4. The Top-Down Approach
When launching or building a loyalty or rewards program, there needs to be internal communication from the CEO to the store level. C-store companies need to get everyone on board, and explain the goals of the program and what it will look like for customers.
“It’s imperative to have everyone on board from the top to the bottom,” OpenStore’s Chidiac stressed. “Companies need to get the store-level cashiers involved because they are the ones promoting the program.”
He recommends offering an employee incentive program tied to the loyalty program for store-level employees to give them motivation when promoting the program or app. Also, everyone should understand the program and how it works.
“You have to jump in with two feet — you can’t be halfway. I’ve seen companies do a phenomenal job giving away coupons or putting out signage, but then cashiers don’t know about the program or how to redeem a coupon,” Chidiac noted.
This is where employee training comes in, and companies need to invest the time and resources into this, especially for frontline staff, echoed Robbins, explaining that it’s not enough to just put a flyer out and expect people to sign up. C-stores need to engage and train their staff members from day one.
“Loyalty is not a light bulb.

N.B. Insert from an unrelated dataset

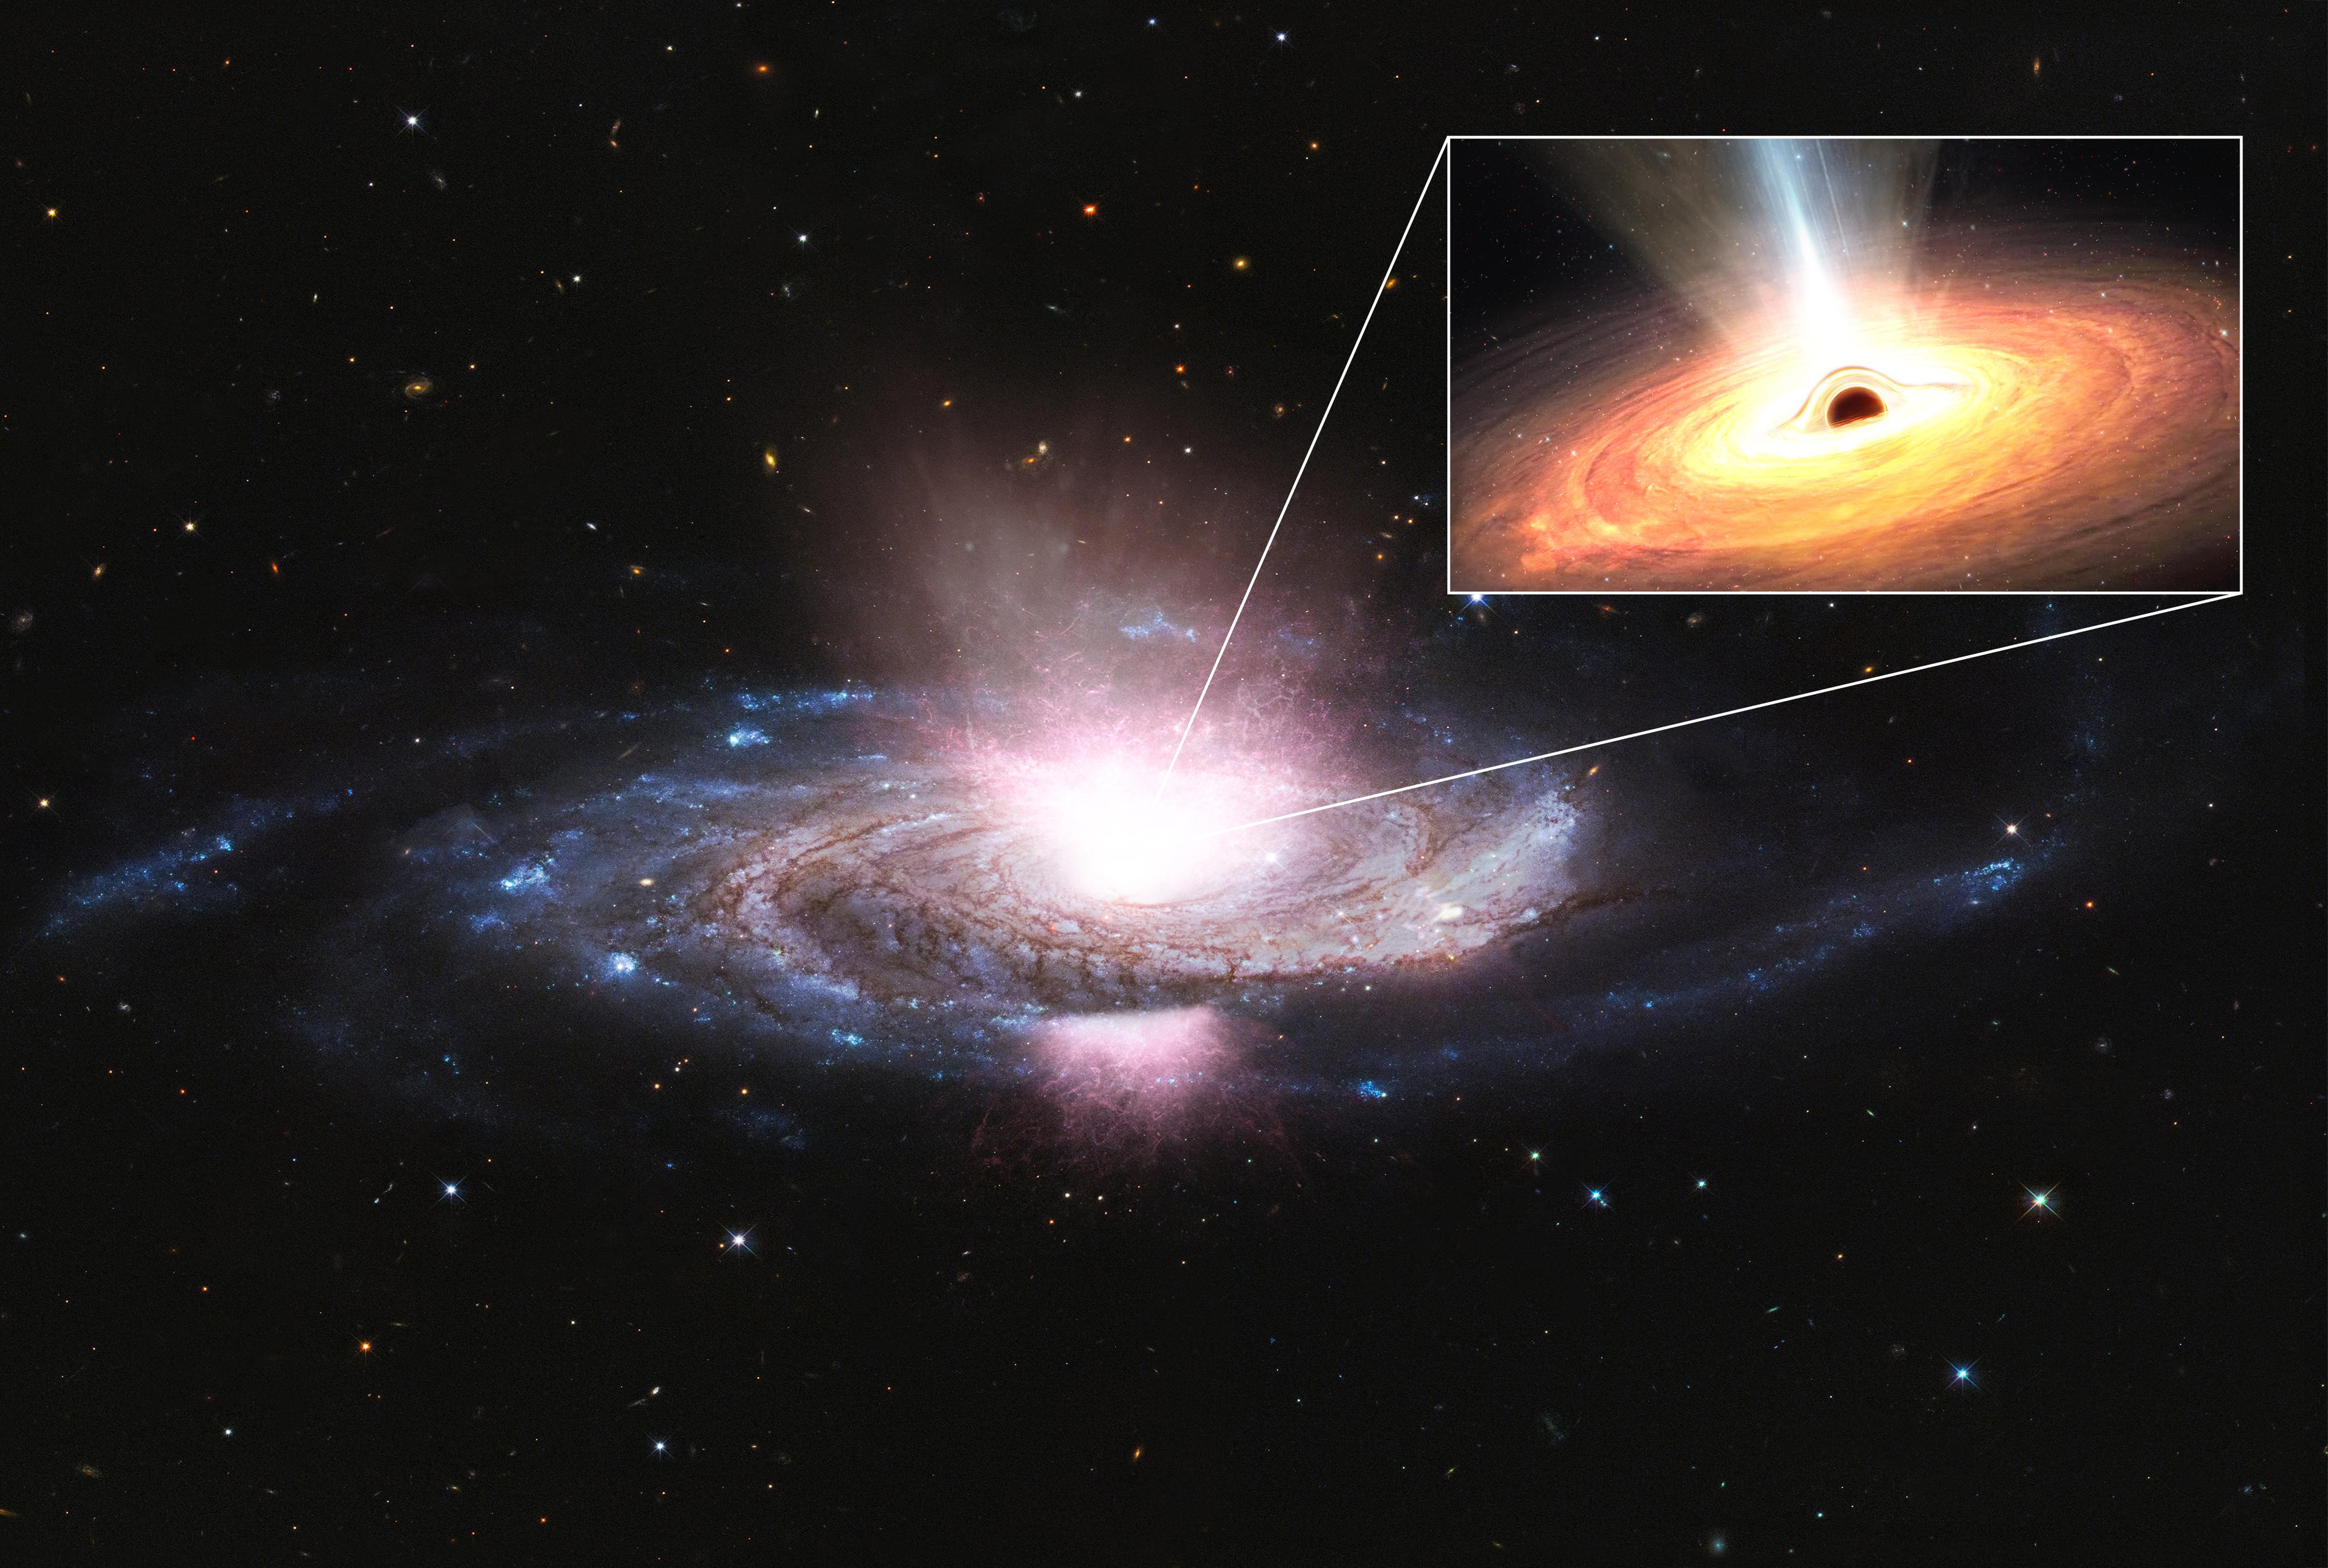 Au cœur de la galaxie, un trou noir supermassif aspire le gaz de son environnement, ce qui forme un disque d'accrétion chaud et lumineux (en orange). Les vents (en blanc) sont dus aux champs magnétiques présents dans le disque, qui projettent des particules dans toutes les directions à des vitesses incroyablement élevées. Ces vents bloquent efficacement les rayons X (en bleu) émis par le plasma extrêmement chaud qui entoure le trou noir, appelé couronne. [ESA - work performed by ATG]

You don’t just flip a switch and there is light,” Bakker agreed. “It is not an additional item one does, it is the item one does. So, companies need to become loyalty centric in their marketing approach — and where the rubber meets the road is the cashiers in the store.”
5. Make It Mobile
With the introduction of mobile apps, c-stores can connect with loyal customers on the go, and utilize messaging and notifications to communicate relevant promotions and more. Some are even utilizing geo-fencing and beacons to target promotions to those in proximity to the store or out at the fuel pump.
Mobile apps also allow for gaming, another popular avenue for c-stores to engage customers. OpenStore created a balloon game for QuickChek Corp., which is involved in an annual balloon festival every year. The company finds more than 50 percent of users are playing the in-app games today, Chidiac explained.
“They could be a slot machine approach where people match three like prizes and win prizes from the store, like free mugs; or a bubble pop game where if they pop five and three of them are the same, they win a prize,” he said.
The next wave of mobile will be mobile wallet integration. Consumers will not have a wallet for each retailer, but they will be utilizing the big platforms, so integrating with Google Wallet and Apple Pay are important, according to Bakker.
“Programs need to be mobile. It used to be only point-of-purchase materials on the windows and the pump were how c-stores engaged, but now customers are finding out about offers through mobile engagement,” he said.
“You have to jump in with two feet — you can’t be halfway. I’ve seen companies do a phenomenal job giving away coupons or putting out signage, but then cashiers don’t know about the program or how to redeem a coupon.”